_WHAT YOU SHOULD DO:_
The goal is a clean copy of all the data below, with pictures dropped and everything else retyped exactly.

_GIVEN MATERIAL:_
━━━━━━━━━━━━━━━━

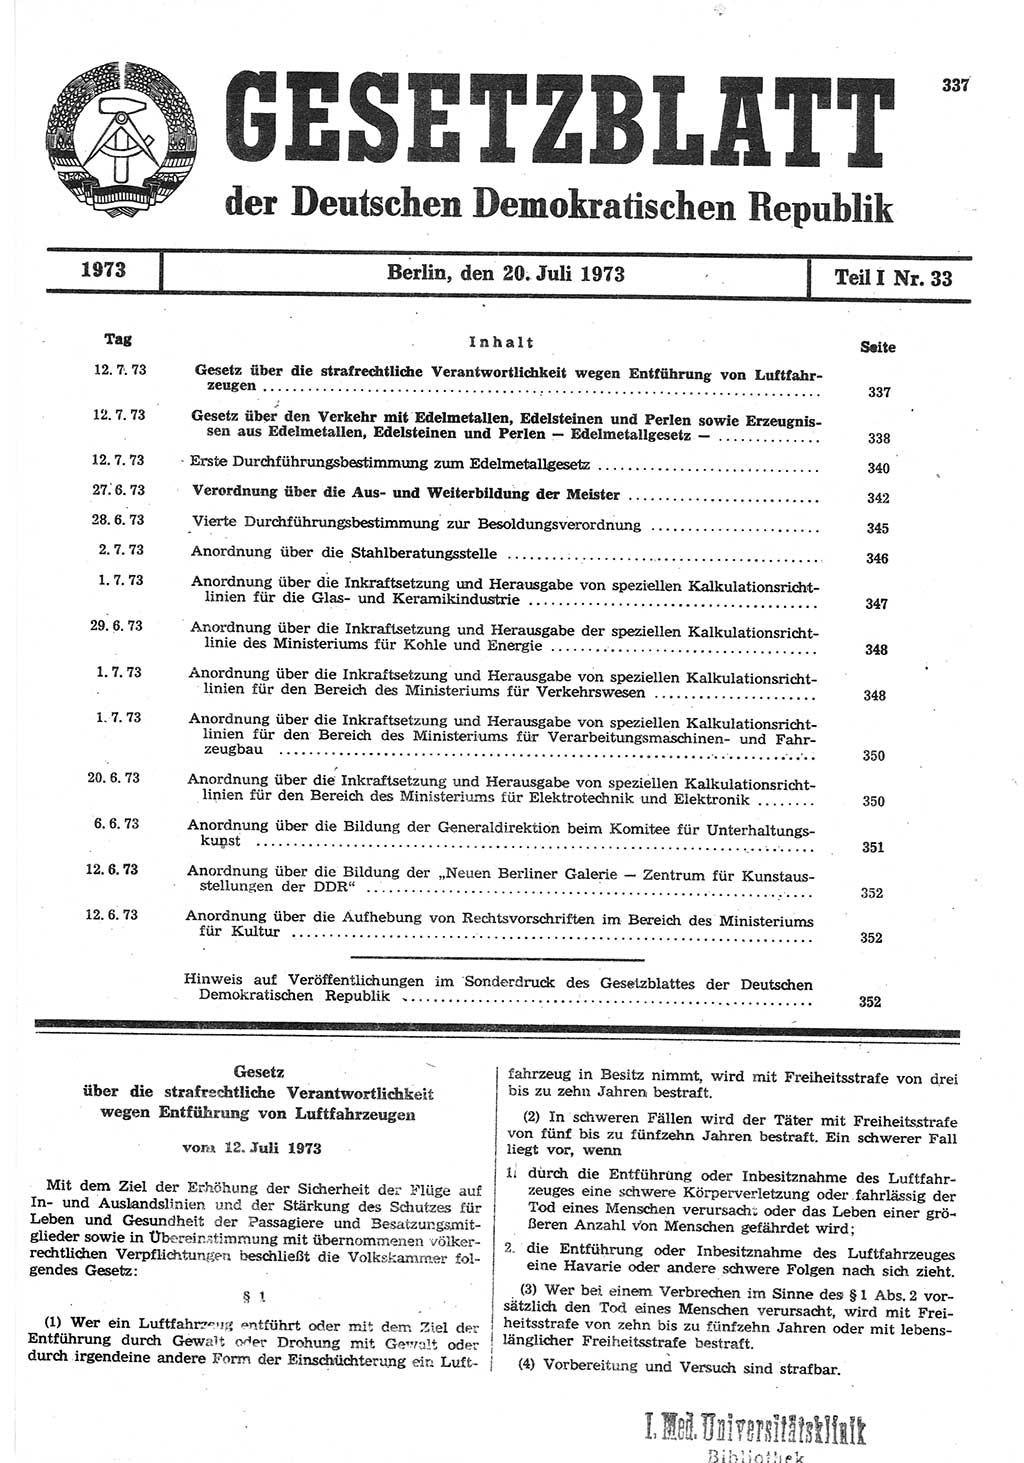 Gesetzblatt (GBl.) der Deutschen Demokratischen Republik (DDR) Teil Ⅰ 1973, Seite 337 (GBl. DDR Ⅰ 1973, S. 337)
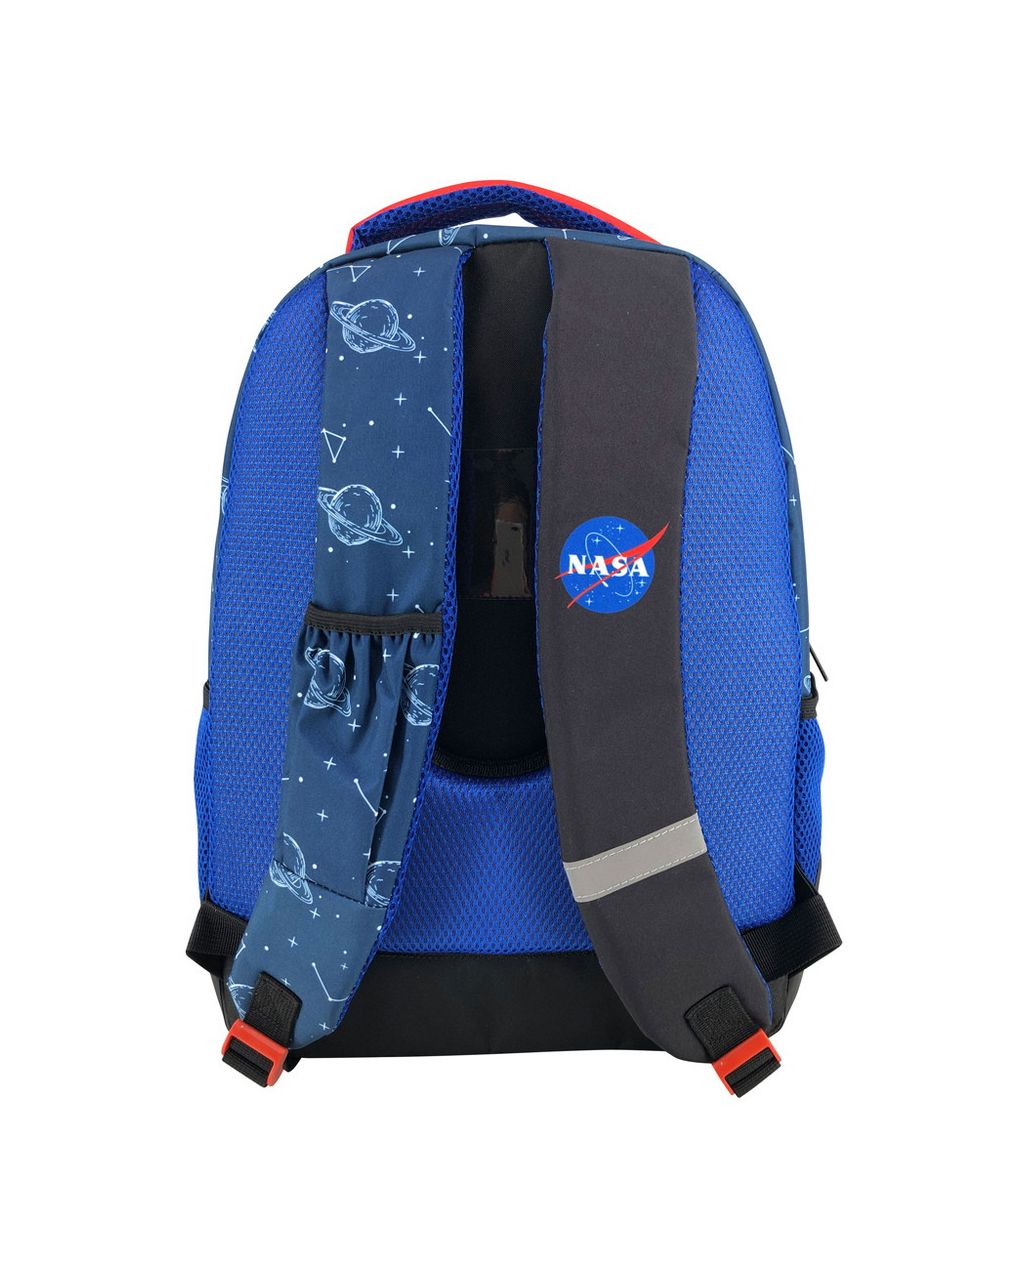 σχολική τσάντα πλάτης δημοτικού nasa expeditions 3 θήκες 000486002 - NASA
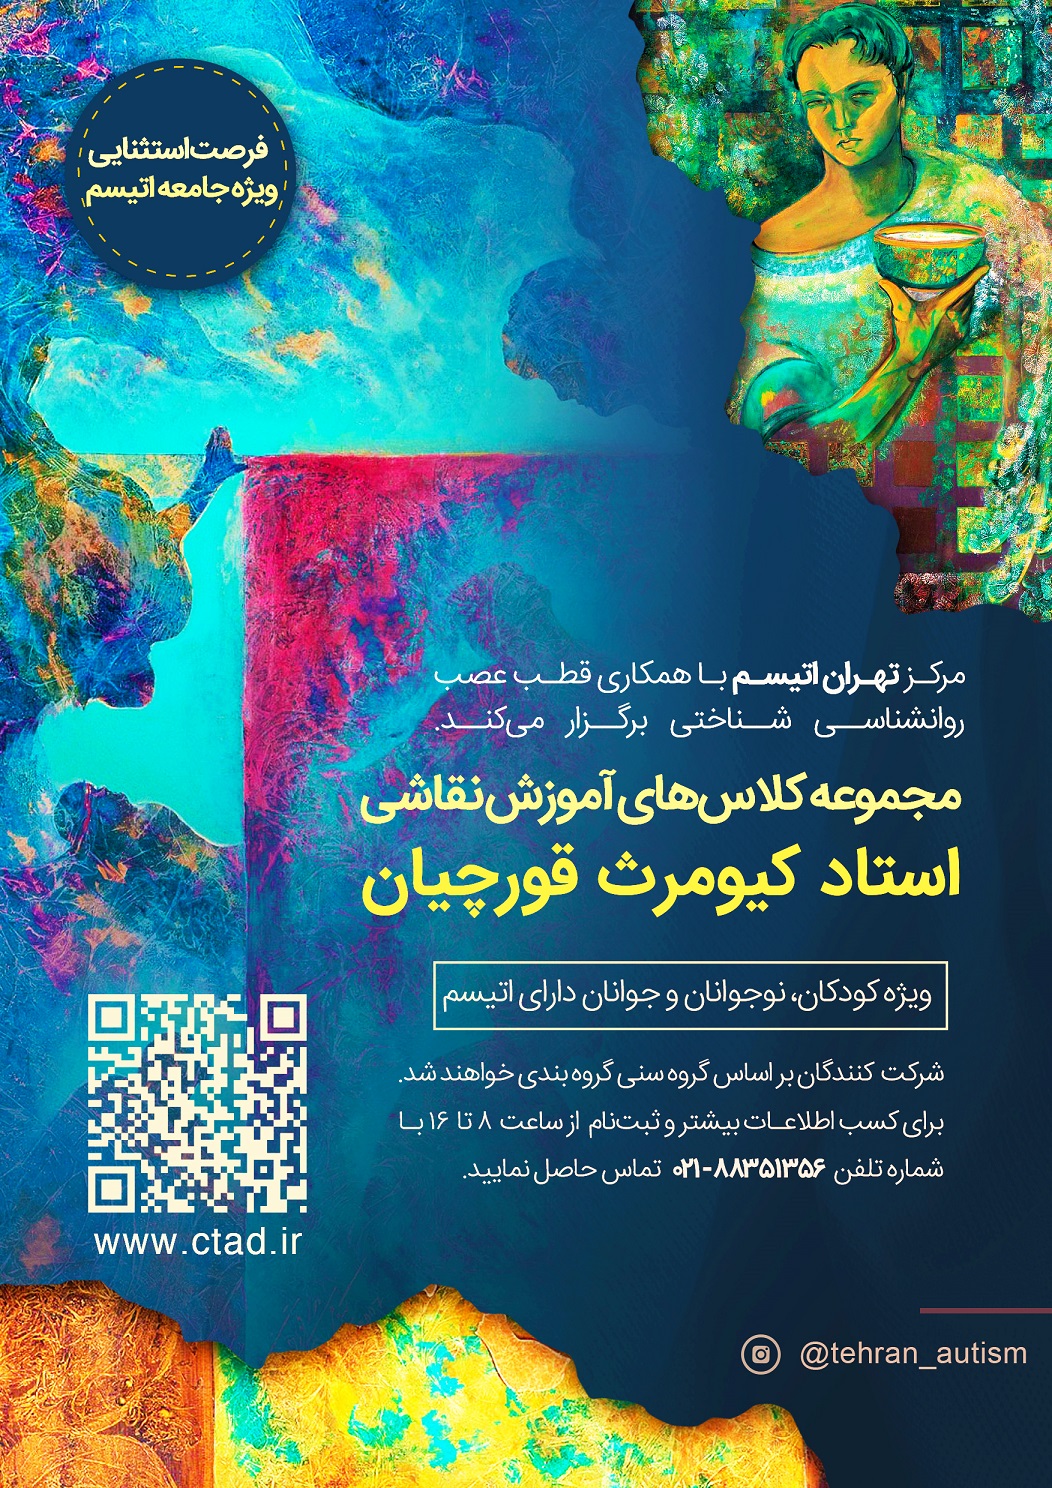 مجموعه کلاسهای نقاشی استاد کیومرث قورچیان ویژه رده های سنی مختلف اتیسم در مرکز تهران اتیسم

━━━━━━━━━━━━━━━━

_OUTPUT:_
 Gesetzblatt (GBl.) der Deutschen Demokratischen Republik (DDR) Teil Ⅰ 1973, Seite 337 (GBl. DDR Ⅰ 1973, S. 337)
 σχολική τσάντα πλάτης δημοτικού nasa expeditions 3 θήκες 000486002 - NASA
 مجموعه کلاسهای نقاشی استاد کیومرث قورچیان ویژه رده های سنی مختلف اتیسم در مرکز تهران اتیسم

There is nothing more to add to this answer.